Two important factors which affect the pedestrian outflow at a bottleneck significantly are also studied in detail to analyze the effect of an obstacle setup in front of an exit. One is a conflict at an exit when pedestrians evacuate from a room. In the floor field model, conflicts have been conventionally taken into account by the friction parameter; however, it is so far a constant and does not depend on the number of pedestrians conflicting at the same time. Thus, we have improved the friction parameter by the frictional function, which is a function of the number of pedestrians involved in a conflict. Second, we have presented the cost of turning of pedestrians at an exit. Since pedestrians have inertia, their walking speeds decrease when they turn, and the pedestrian outflow decreases. The validity of the extended model, which includes the frictional function and the turning function, is supported by the comparison of a mean-field theory and real experiments. Moreover, we have observed that the pedestrian outflow increases when we put an obstacle in front of an exit in our real experiments. The analytical results clearly explain the mechanism of the effect of the obstacle, i.e., the obstacle blocks pedestrians moving to the exit and decreases the average number of pedestrians involved in the conflict. Our theoretical results also indicate that an obstacle works more effectively when we shift it from the center since pedestrians can go through an exit with less turning.

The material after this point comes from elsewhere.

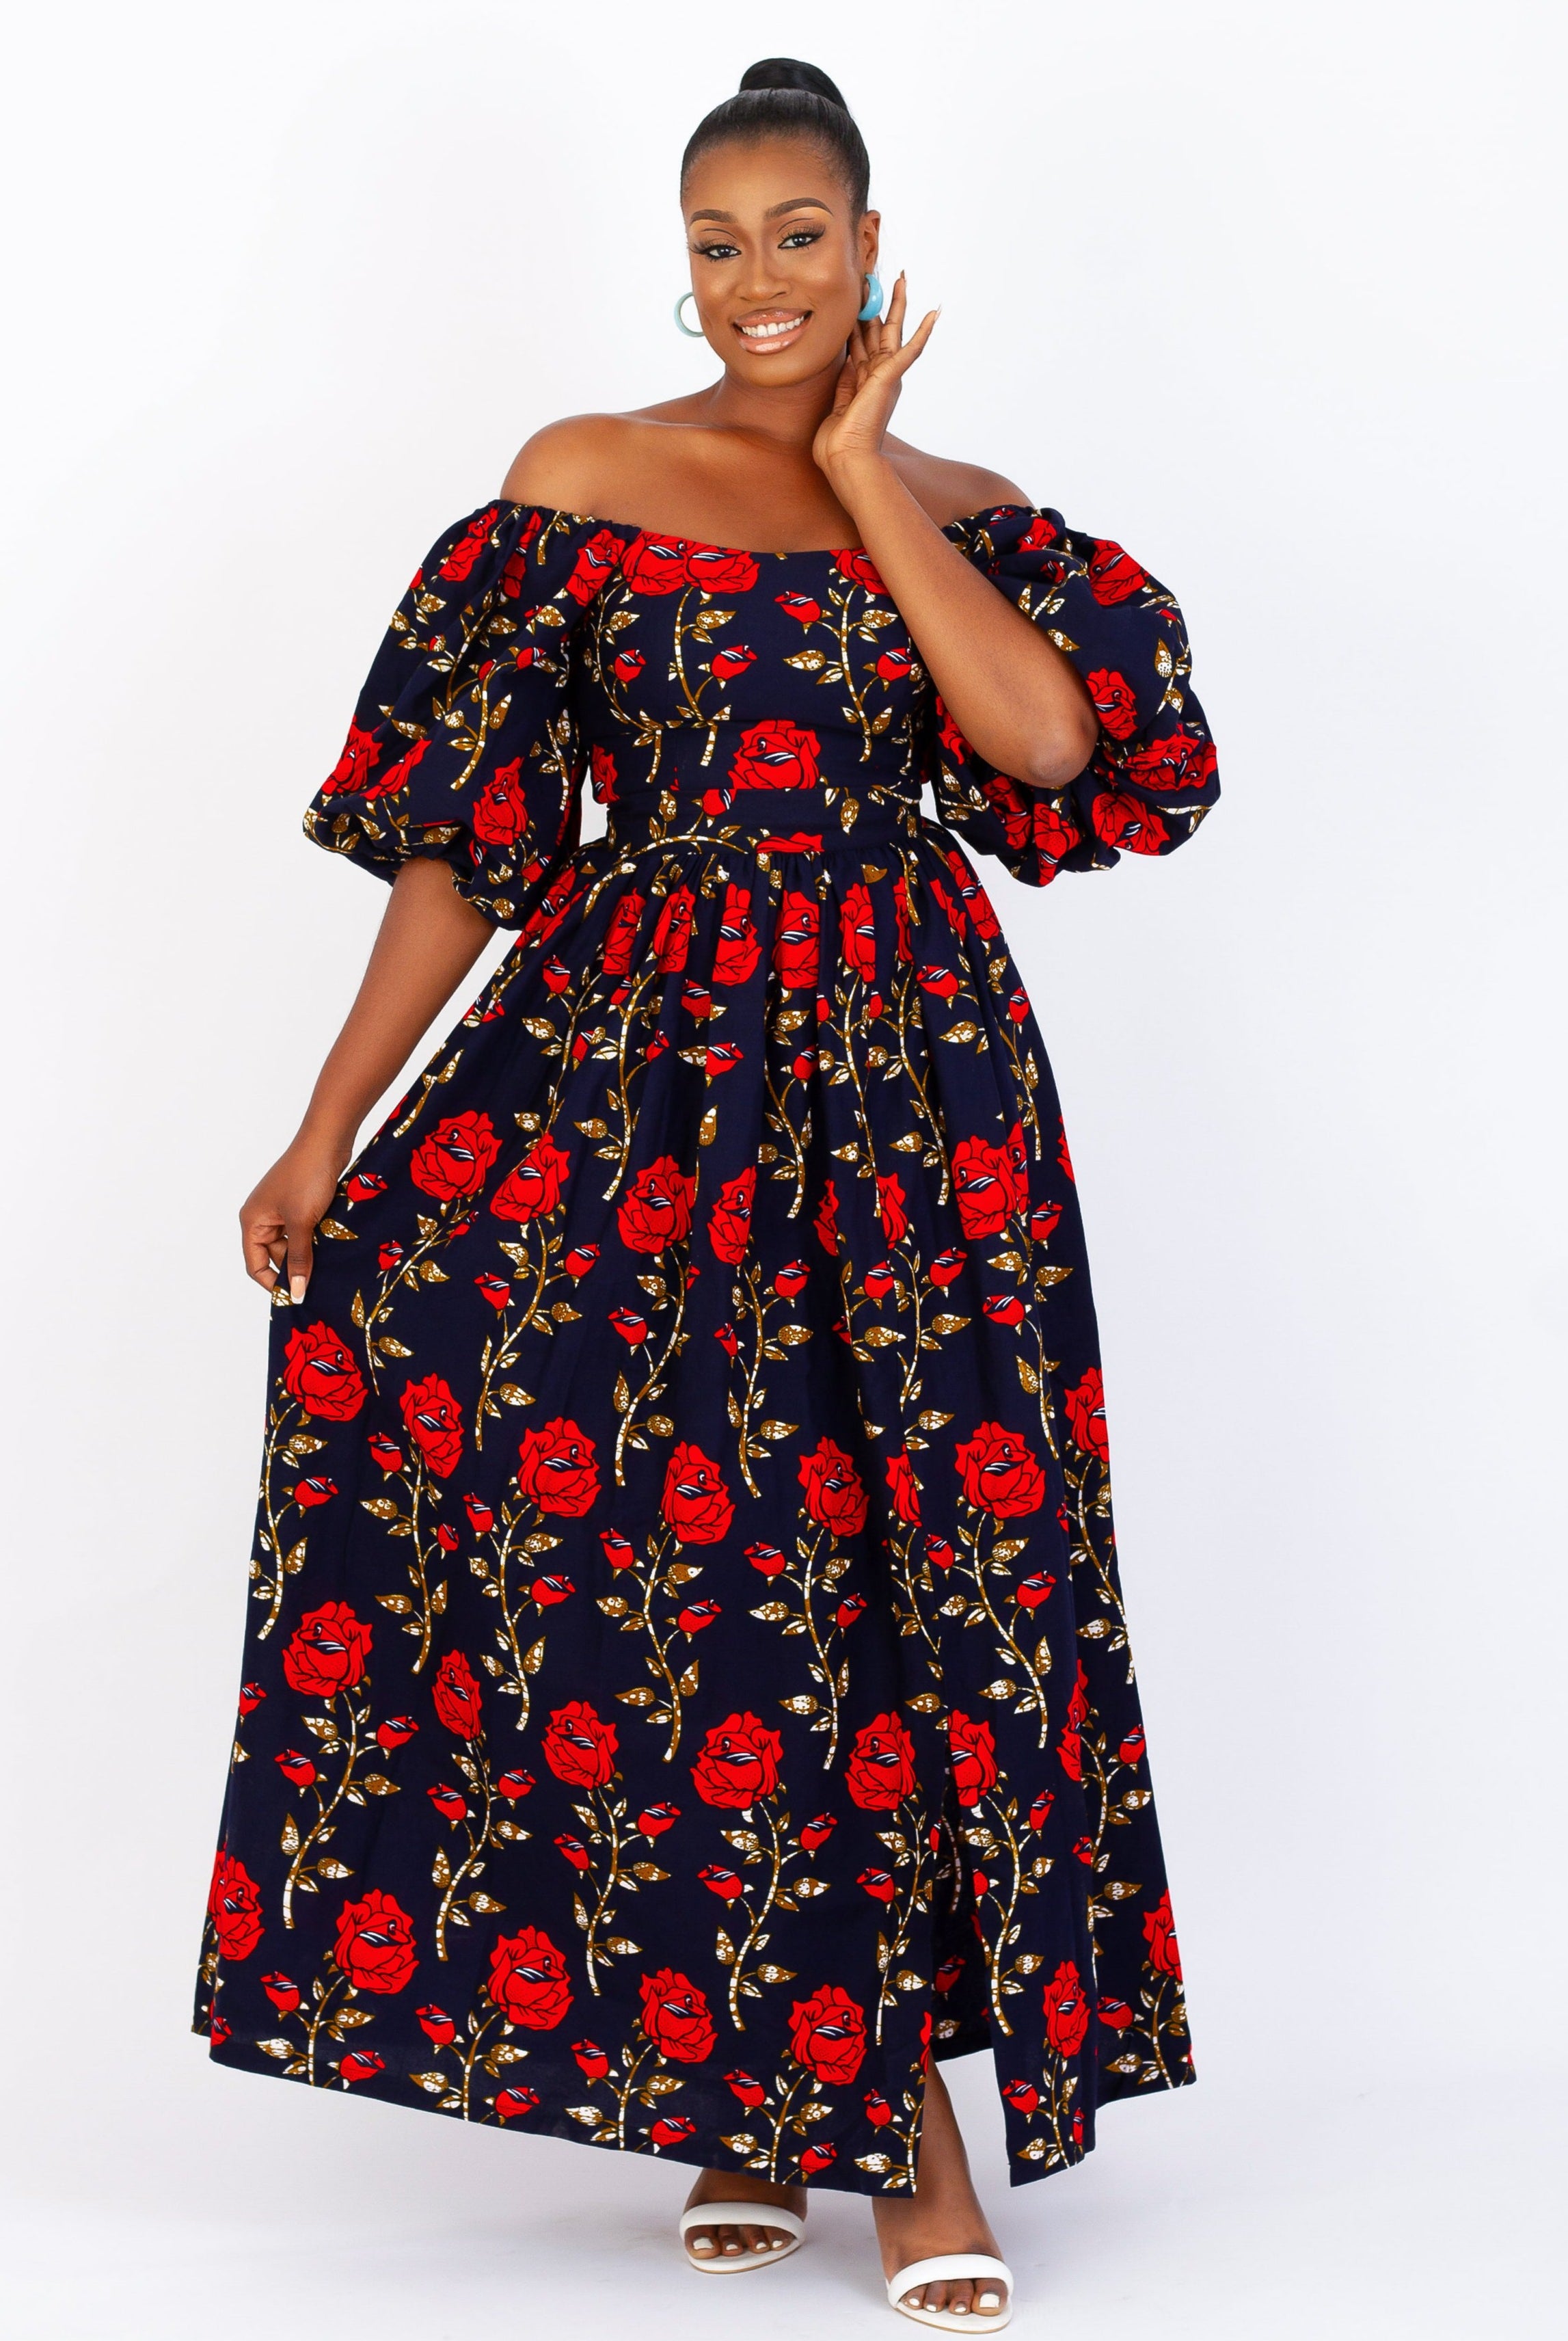 Mfon High Waist Ankara Maxi Skirt/ African Print Flare Skirt

In the latter half of the thesis, queueing systems are studied in detail. We have introduced the excluded-volume effect, which is a significant factor to model a pedestrian queue in the real world, into the queueing theory. The model is exactly solved, and the probability distributions of the physical quantities such as number of waiting pedestrians, length of a queue, and waiting time, are obtained in simple form. In the normal queueing theory, the length of a queue is represented by the number of pedestrians; however, due to the excluded-volume effect, the length becomes longer by the interval distance between pedestrians in our new model. Moreover, when the ratio of the arrival probability to the service probability remains constant, the mean length of a queue increases as the two probabilities increase since pedestrians take time to close up a queue. Furthermore, the mean waiting time does not increase monotonically with the increase in service time, and the minimum could be reached instead. We have performed the queueing experiments with real pedestrians and succeeded to observe the phenomena which are expected from our theoretical study.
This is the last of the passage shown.